Date: 2016-05-09 07:47 am (UTC)
garbagepilot: (I've been living)
From: [personal profile] garbagepilot
It's the fact that she feels fear, real fear, settling cold in her stomach and making her feel numb again that makes her realize just how much she does feel for Tommy. The rejection she expects when his hand stops doesn't come, it's just his voice gentle and, she thinks, maybe a little hopeful.

But maybe not. She doesn't want to guess anything, can't assume anything, not when she isn't even sure what all of this means. She likes it when he touches her and he knows it, she likes being with him and he knows it, and now she knows that in the same way he sees a side of her no one else does, no one else gets to be like this with him.

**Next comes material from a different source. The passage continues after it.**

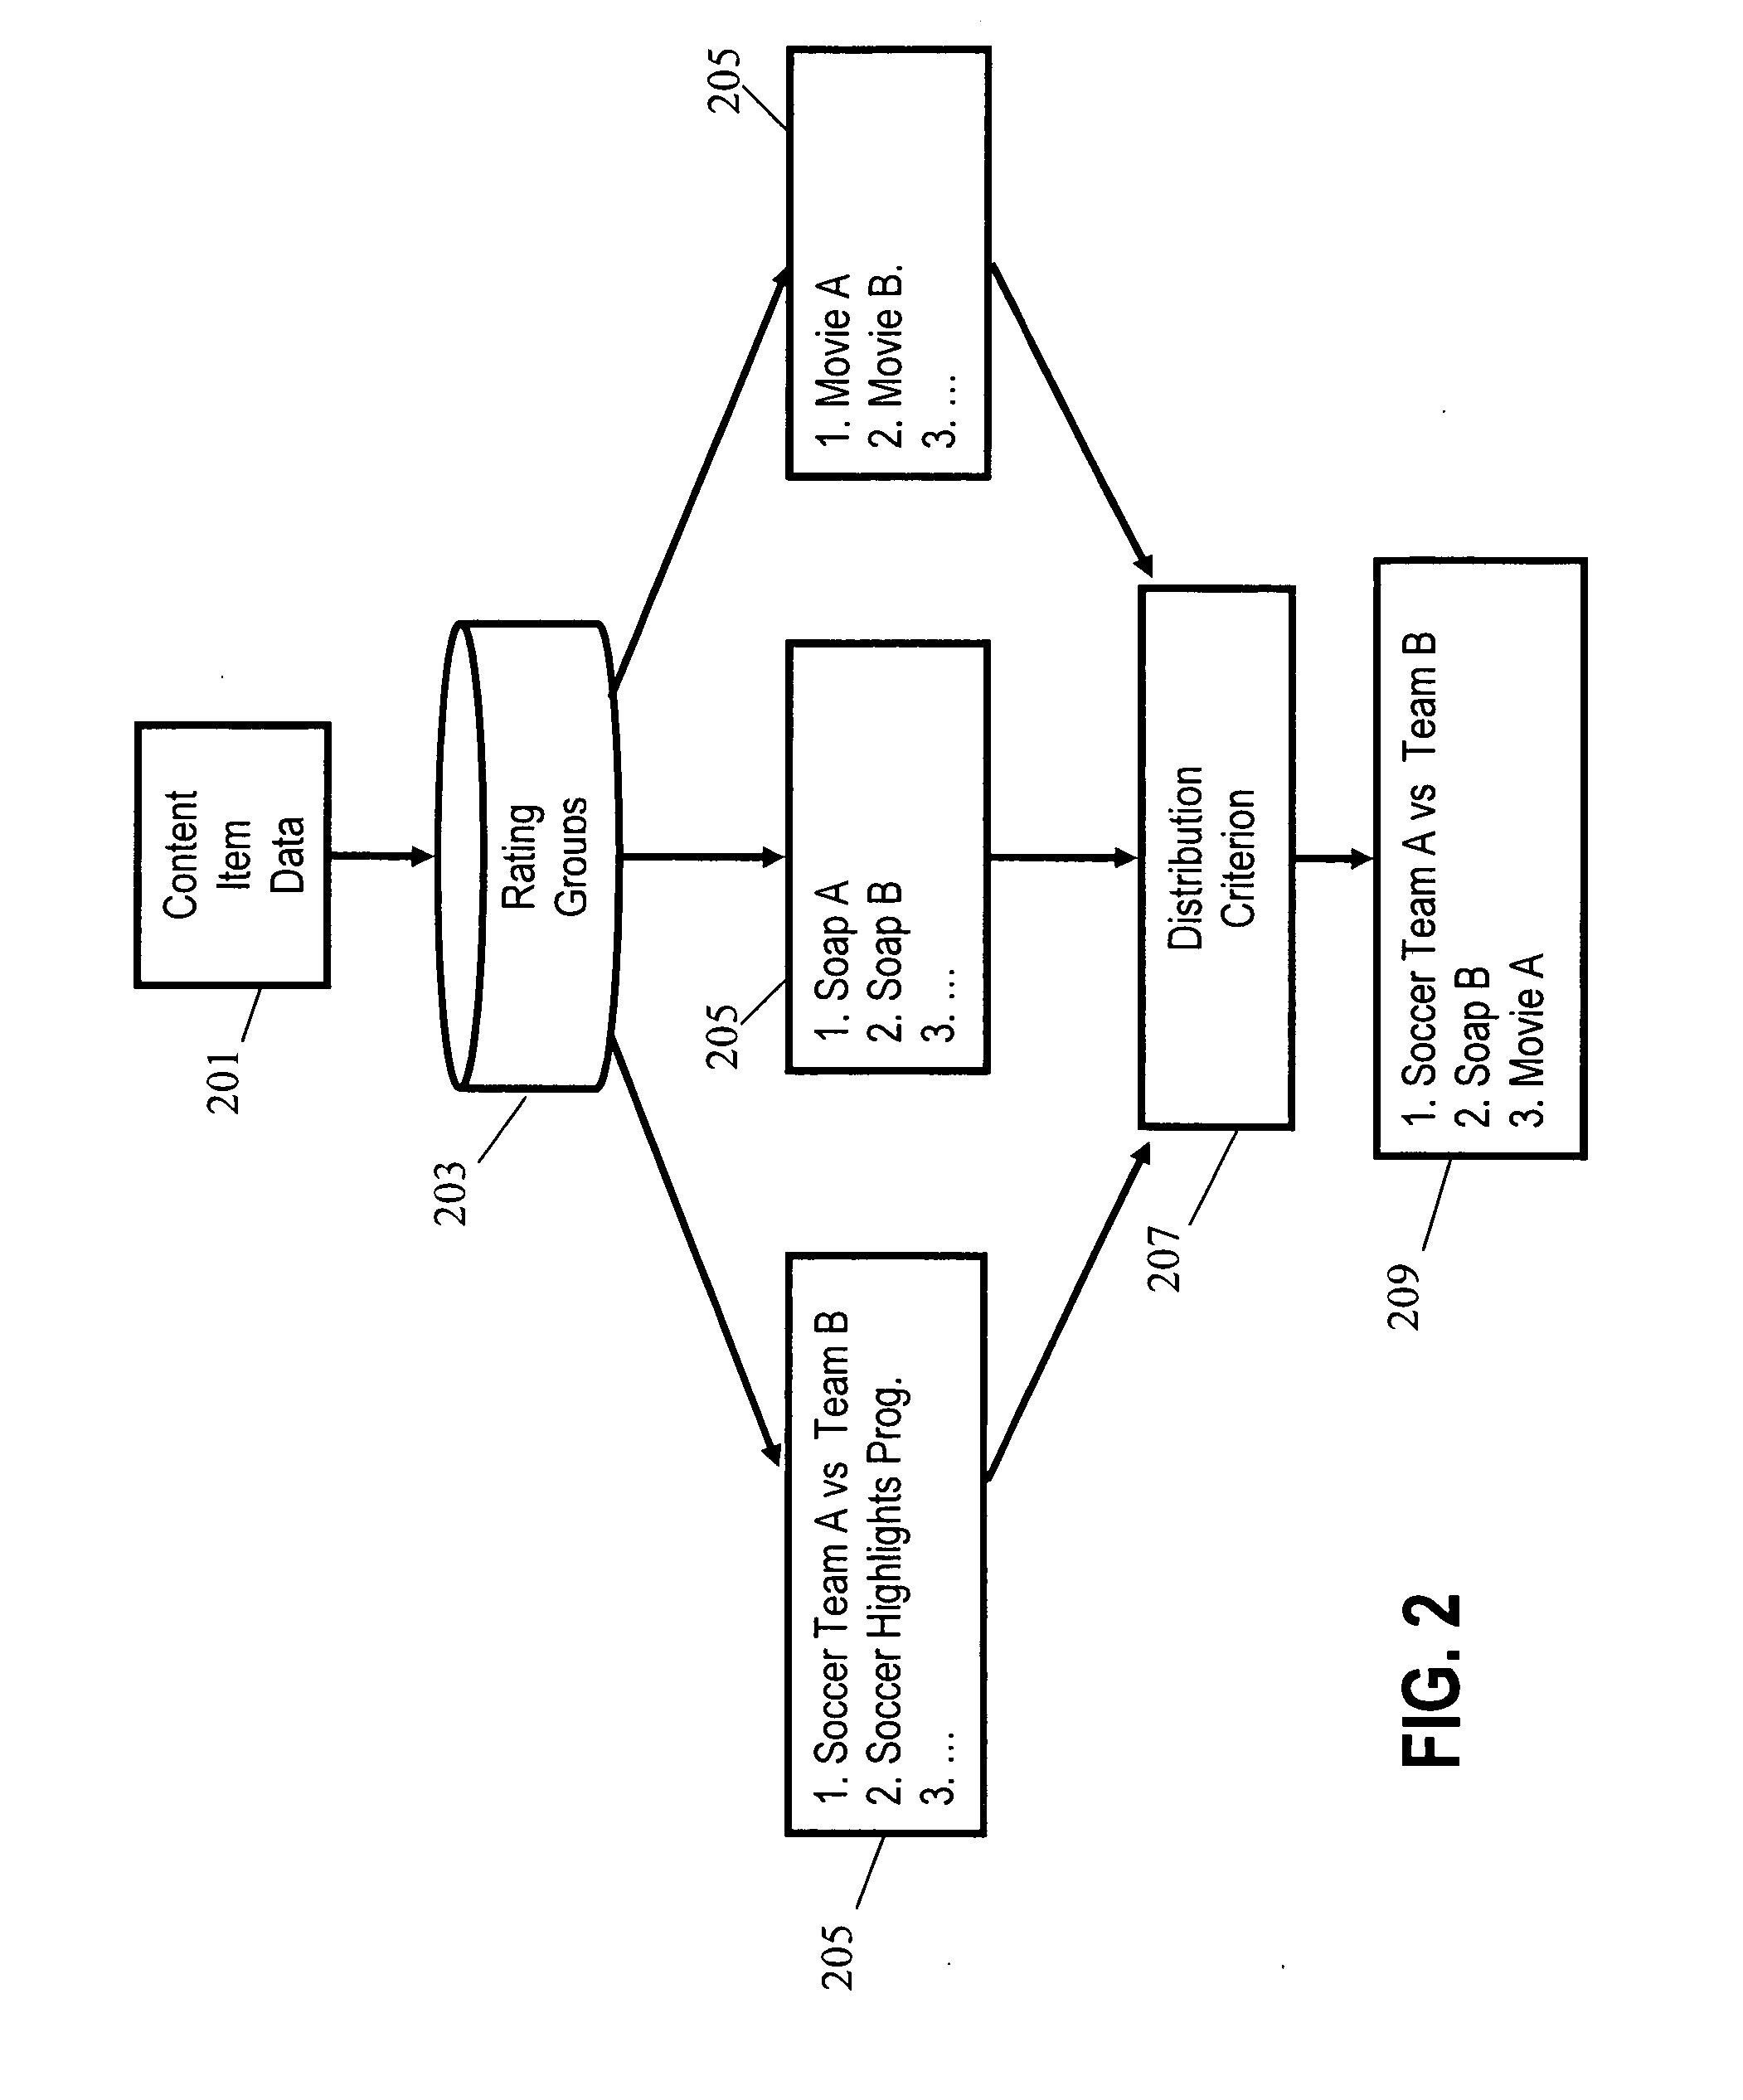 Method and apparatus for content item recommendation

"I know," she answers him softly, hand reaching up to where his is on her neck so she can slip her fingers between his, link their hands together on the back of her neck because she can't reach him any other way right now. "I thought that the person I was during the breach, I could never be that. I wouldn't ever find a way to be that happy, that open. She was capable of caring so much, and I knew I wasn't like that. That's why I told you I'd never be that person."

And she'd meant it, and she still does. She still isn't sure she can ever turn out like that, but...

"But I can see how it happened now. I can see how she changed, and it was thanks to the man you were."